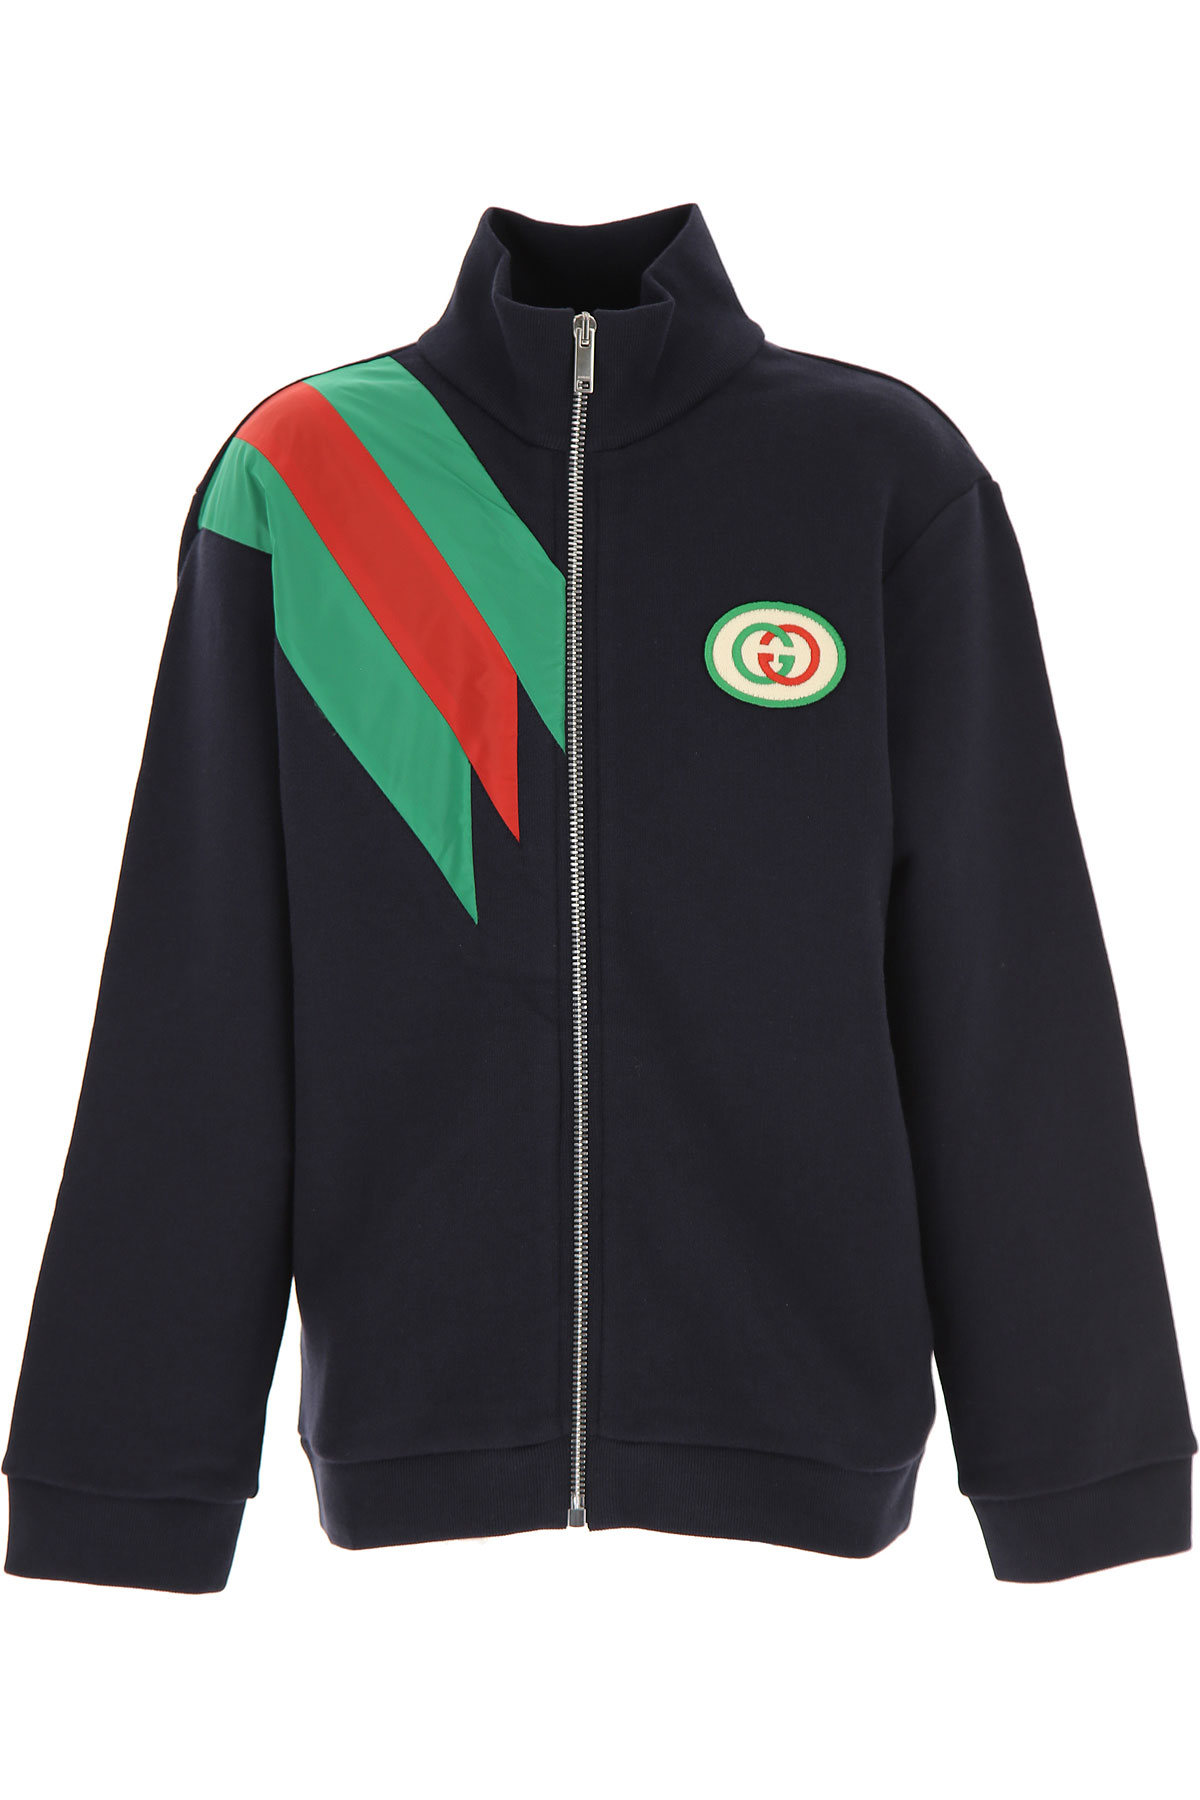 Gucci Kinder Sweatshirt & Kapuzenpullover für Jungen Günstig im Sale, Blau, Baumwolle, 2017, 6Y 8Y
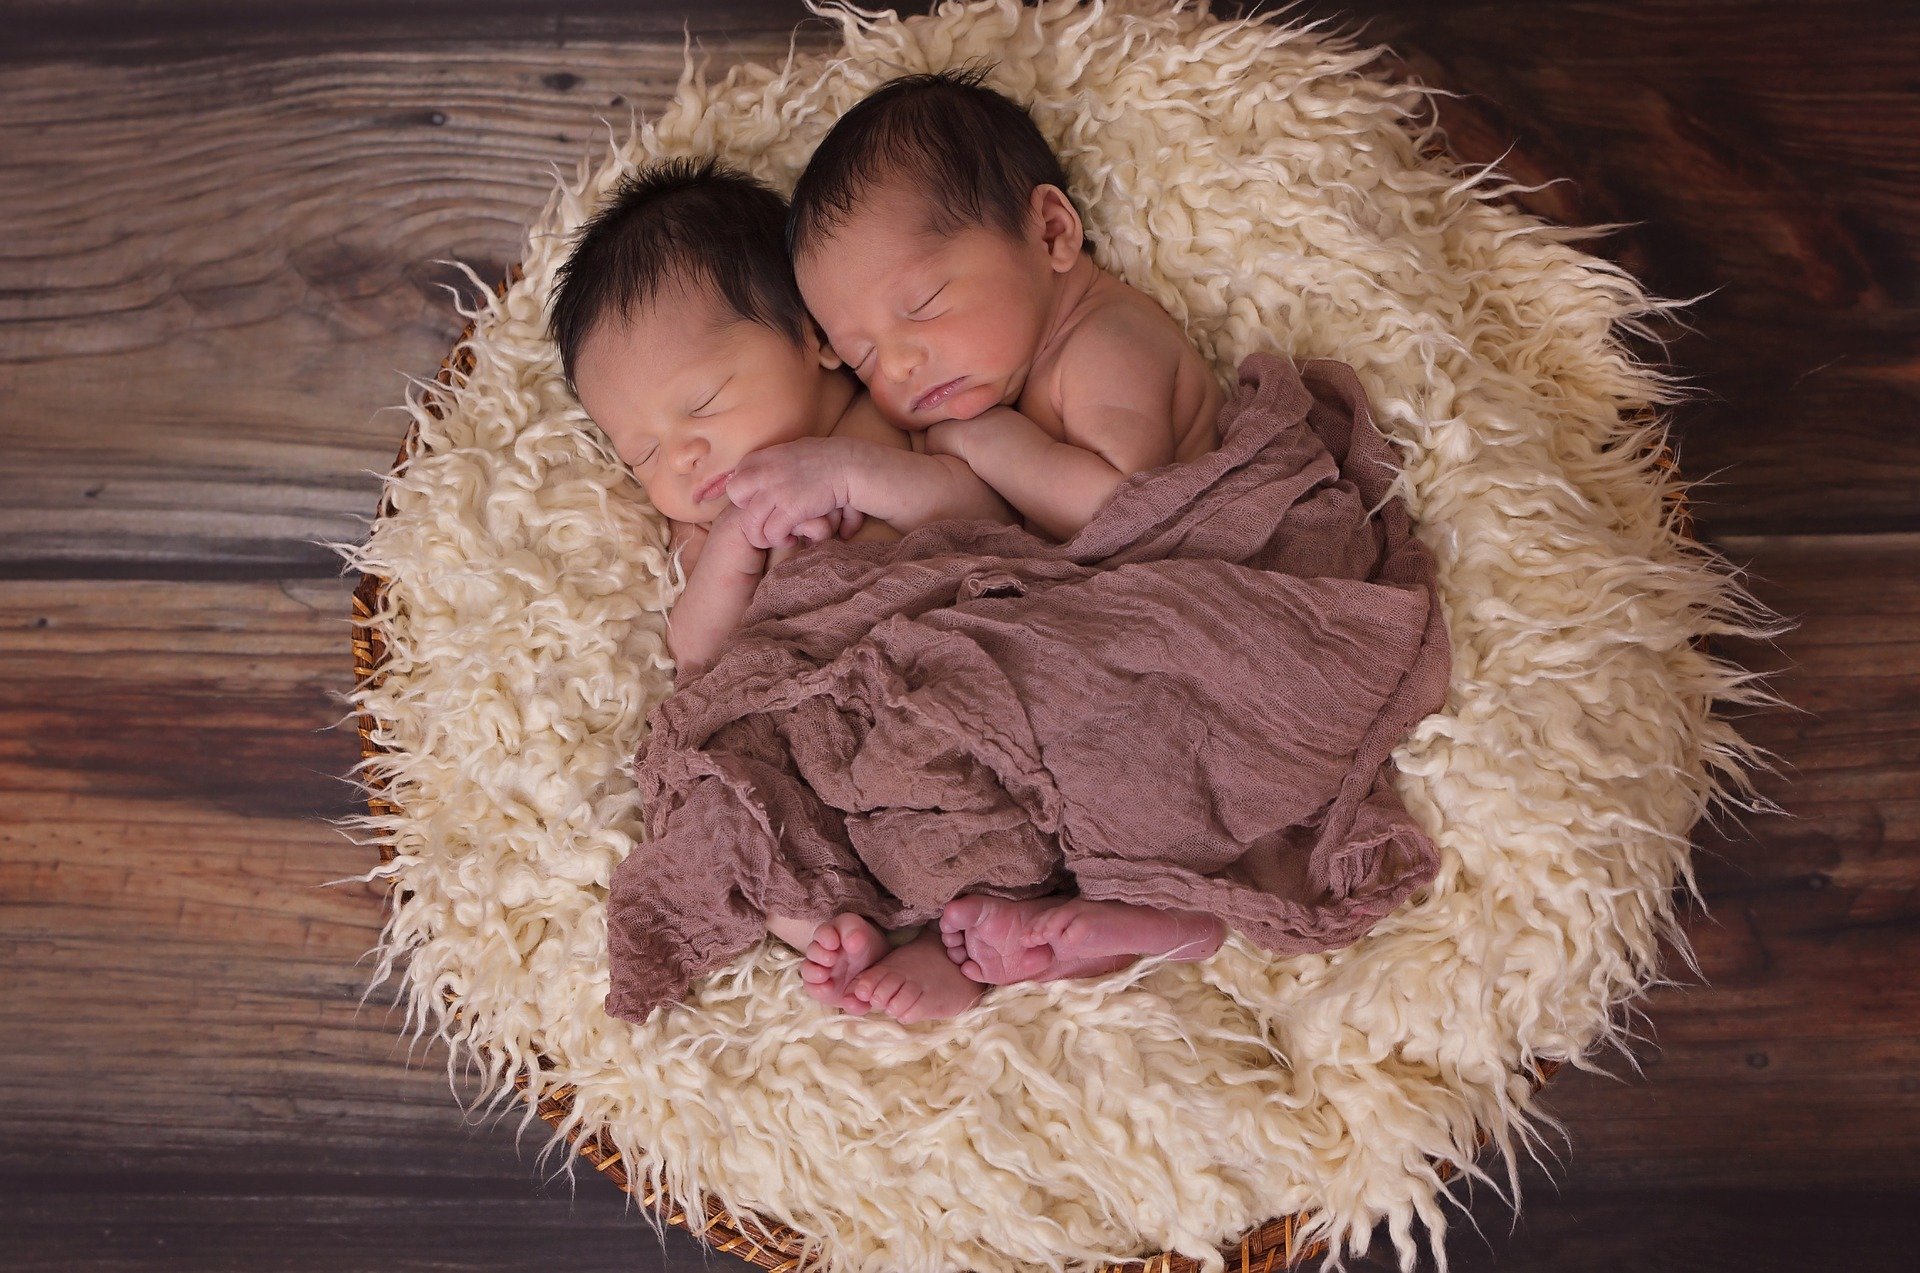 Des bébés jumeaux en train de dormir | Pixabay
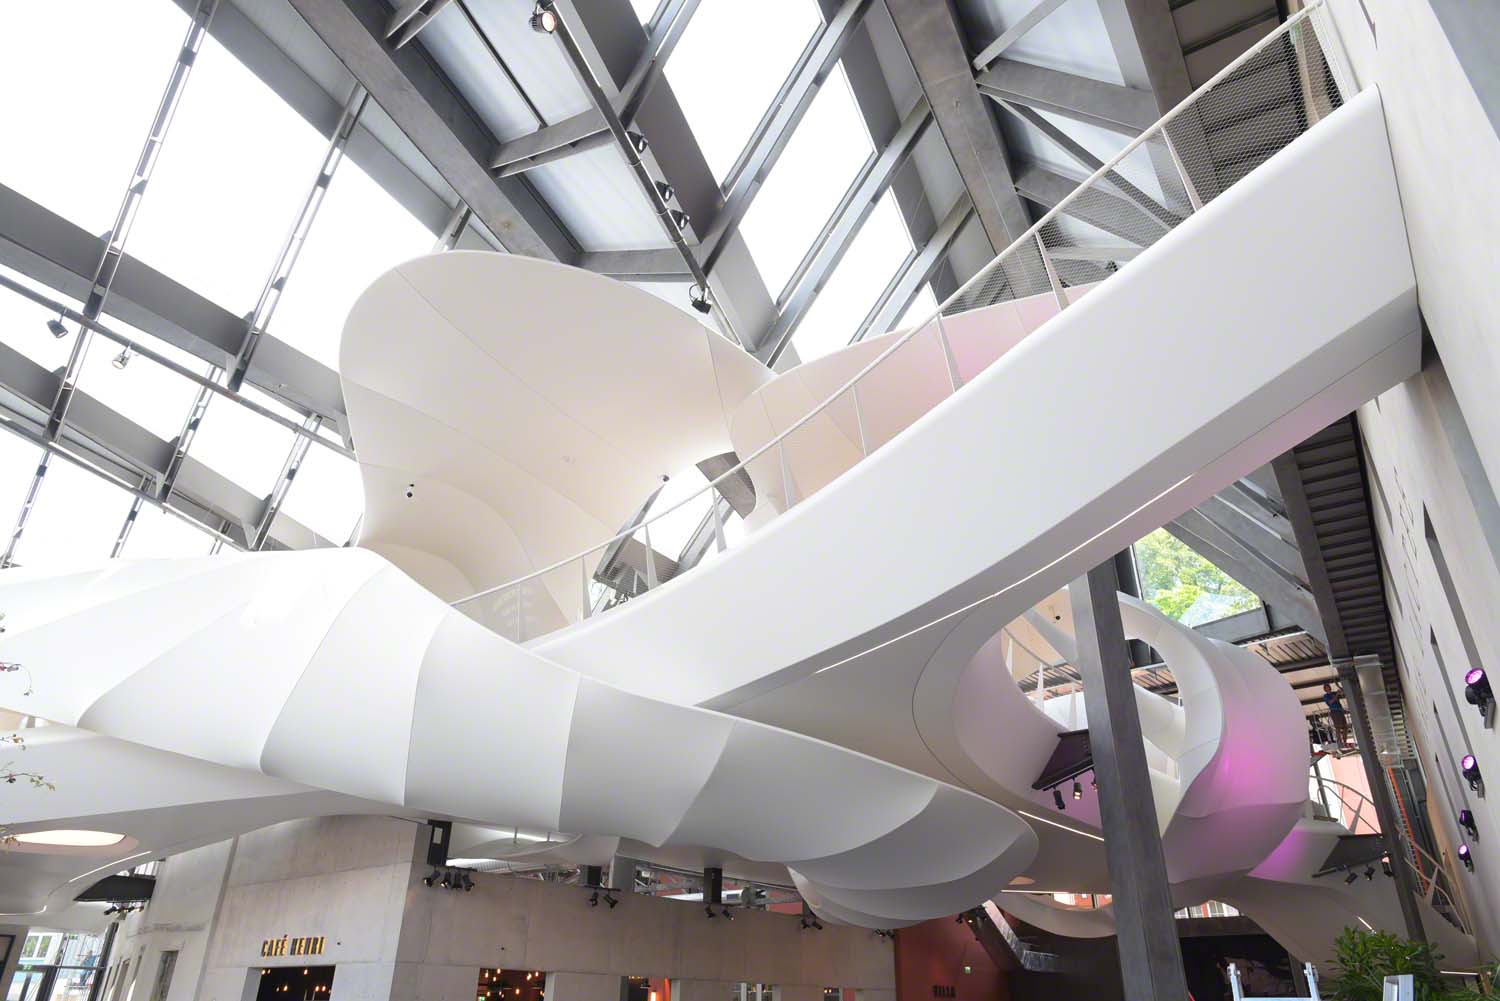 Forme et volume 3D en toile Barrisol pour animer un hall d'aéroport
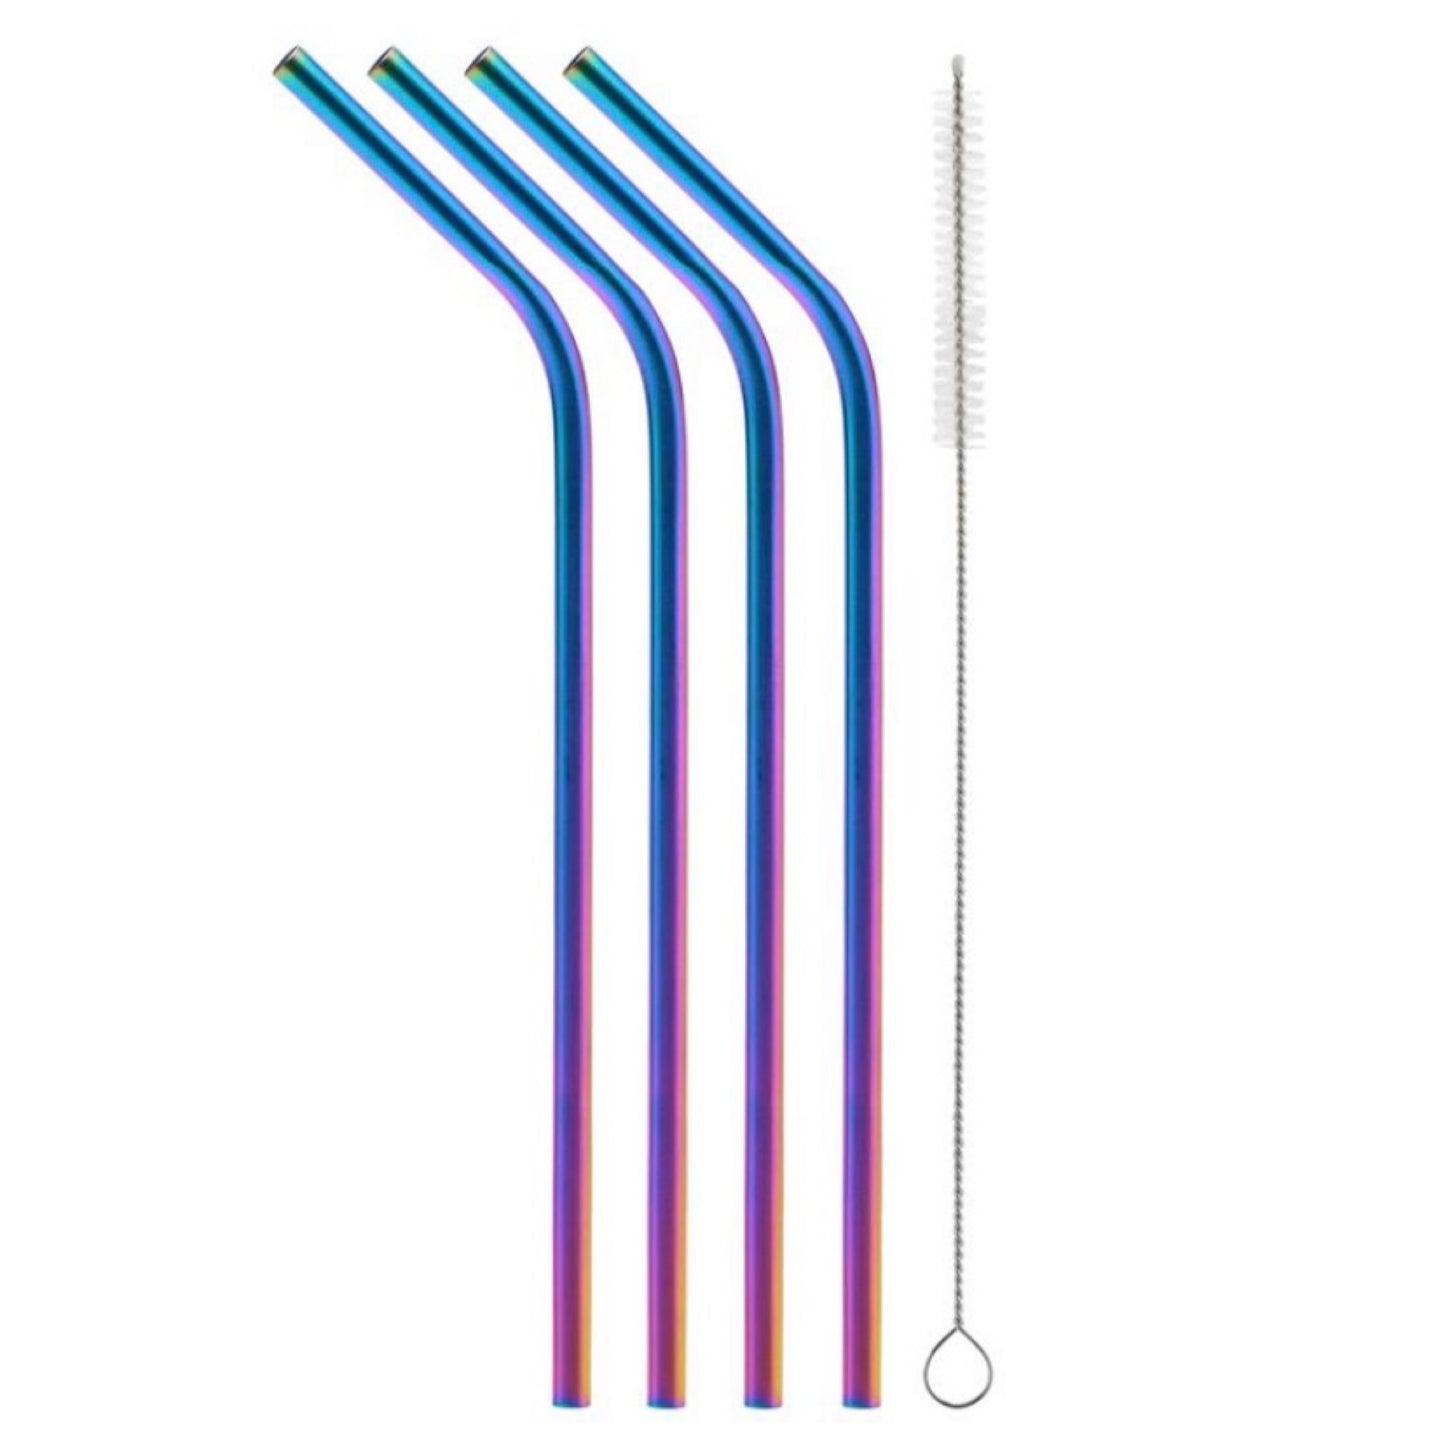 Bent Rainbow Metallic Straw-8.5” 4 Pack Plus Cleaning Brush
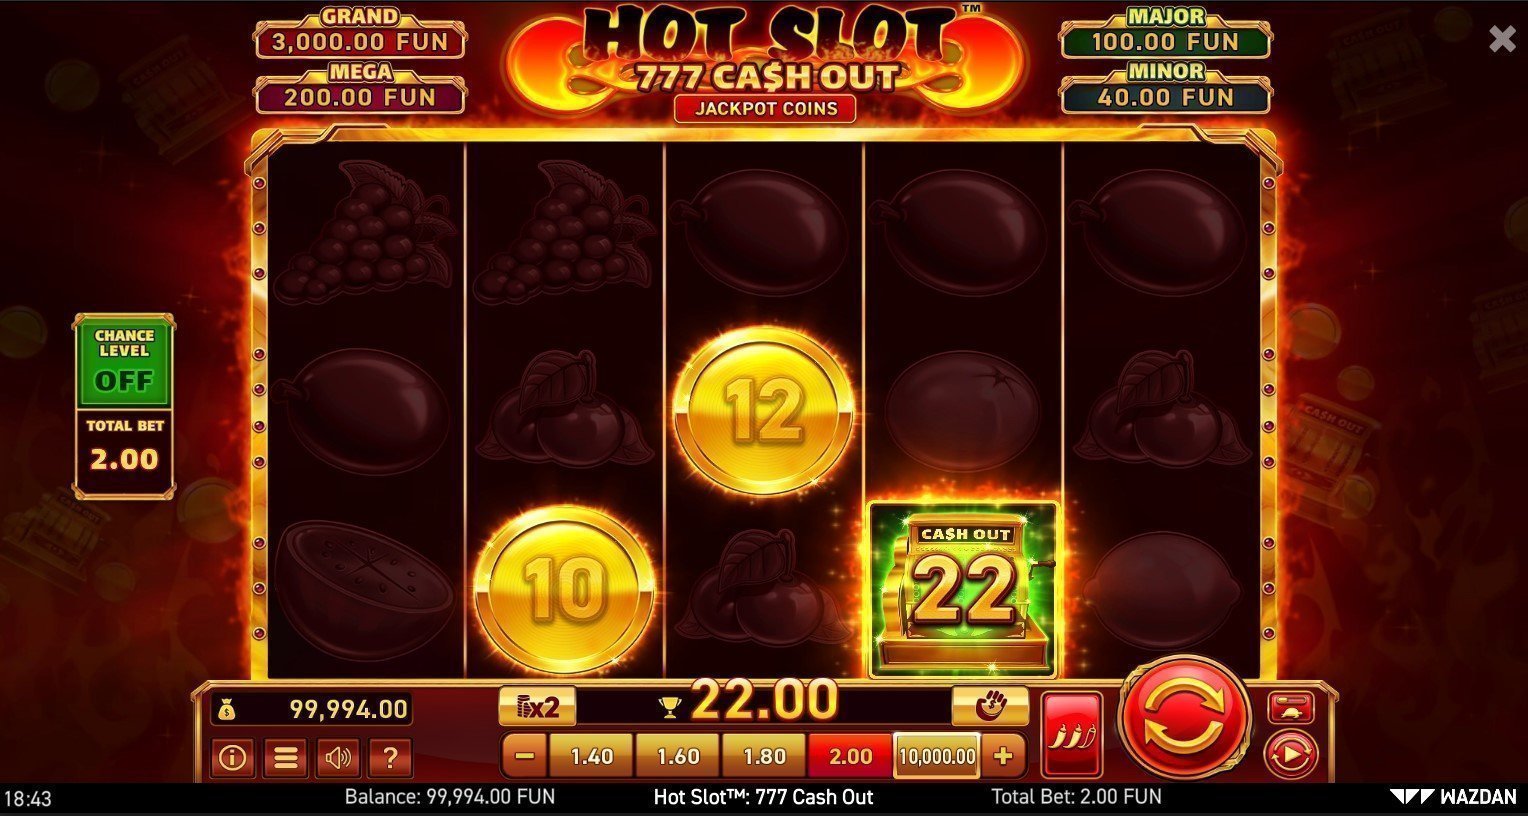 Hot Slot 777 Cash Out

- _GOAL OF THE EXERCISE_
Please output the records exactly, leaving the pictures out.

- _ANSWER AREA_
 Gucci Kinder Sweatshirt & Kapuzenpullover für Jungen Günstig im Sale, Blau, Baumwolle, 2017, 6Y 8Y
 Des bébés jumeaux en train de dormir | Pixabay
 Forme et volume 3D en toile Barrisol pour animer un hall d'aéroport
 Bent Rainbow Metallic Straw-8.5” 4 Pack Plus Cleaning Brush
 Hot Slot 777 Cash Out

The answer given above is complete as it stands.